## WORK REQUIRED
Everything from the line holding "Two circles overlapping." to the end of the listing below should be copied exactly, line for line, minus the pictures.

## AVAILABLE DATA
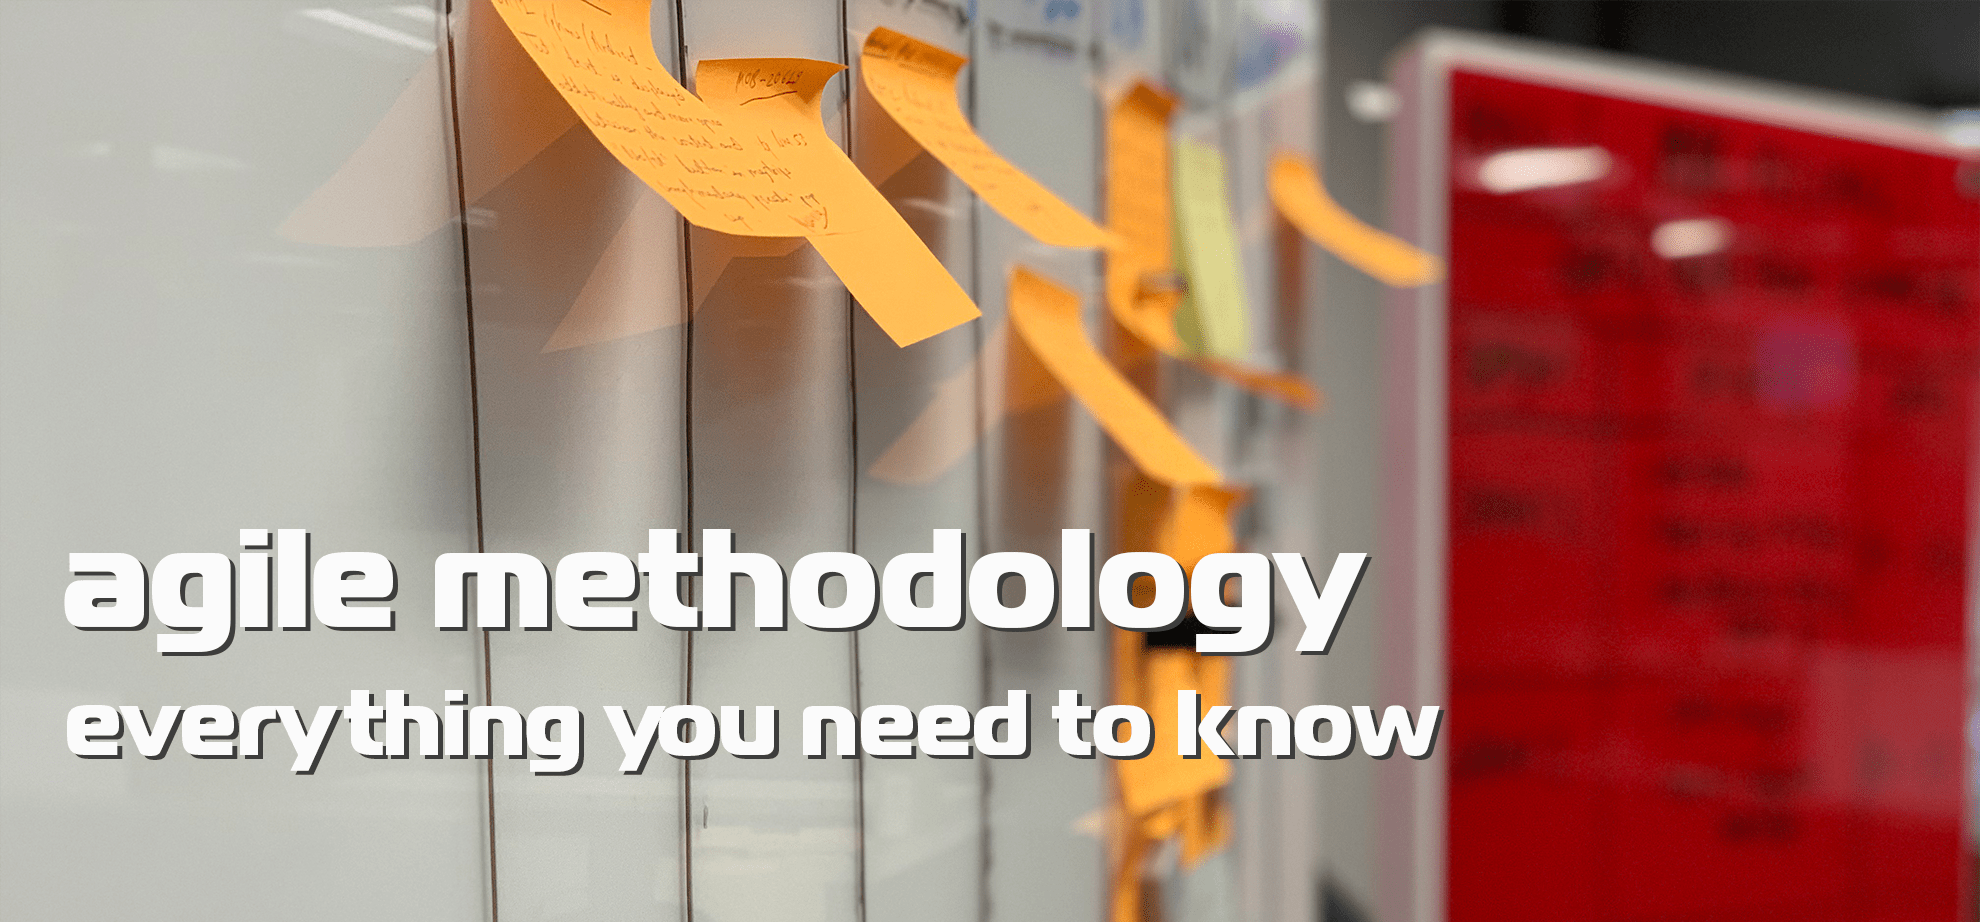 Agile Methodology: Everything you need to know
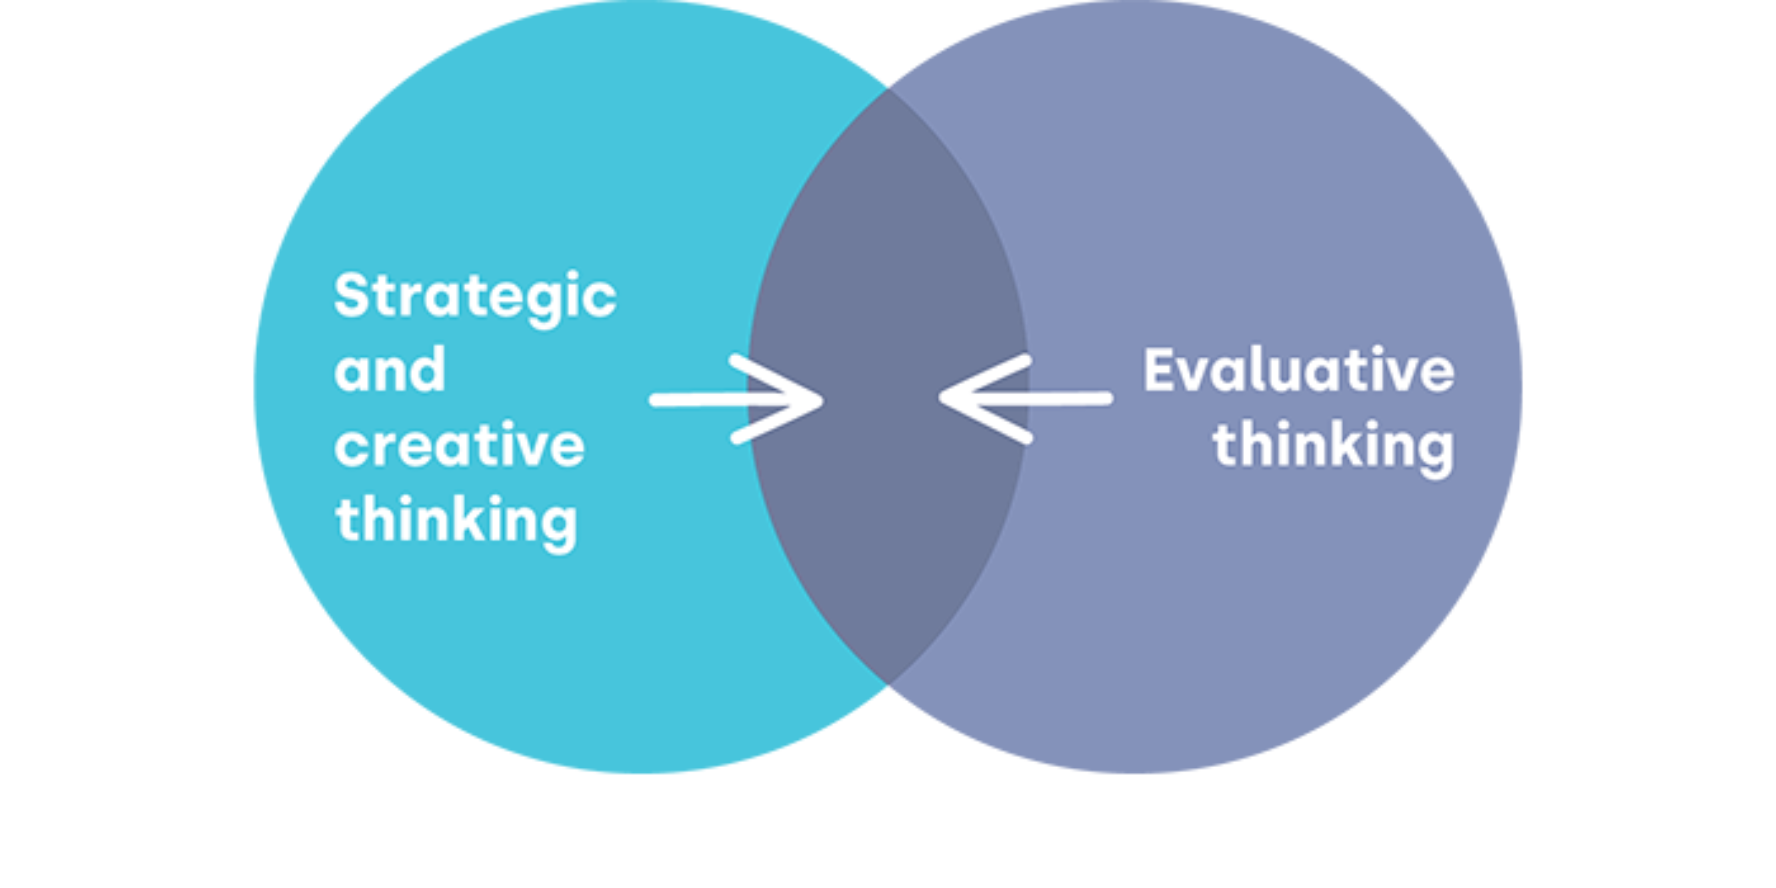 Two circles overlapping. One has the text 'Strategic and creative thinking' inside, the other, 'Evaluative thinking'.
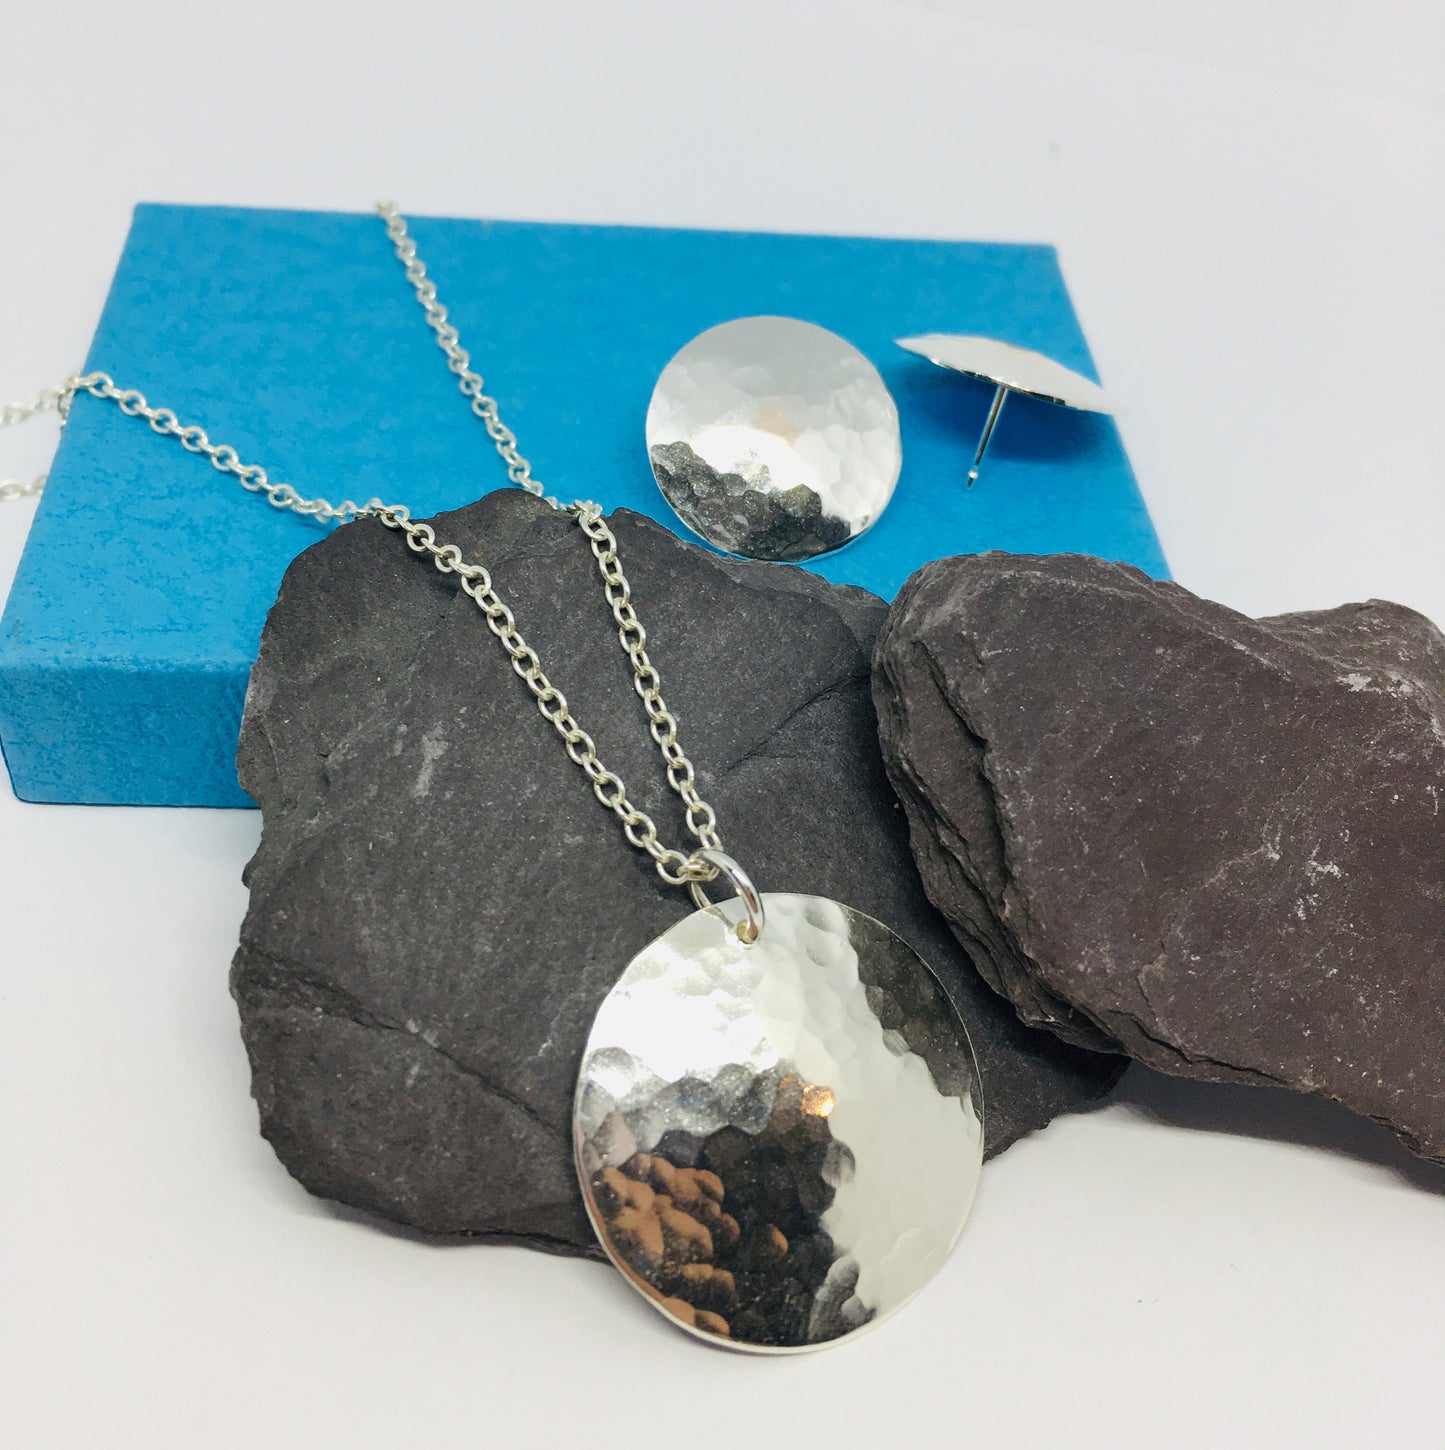 Sterling silver disc jewellery set

## ANSWER SPACE
 Two circles overlapping. One has the text 'Strategic and creative thinking' inside, the other, 'Evaluative thinking'.
 Sterling silver disc jewellery set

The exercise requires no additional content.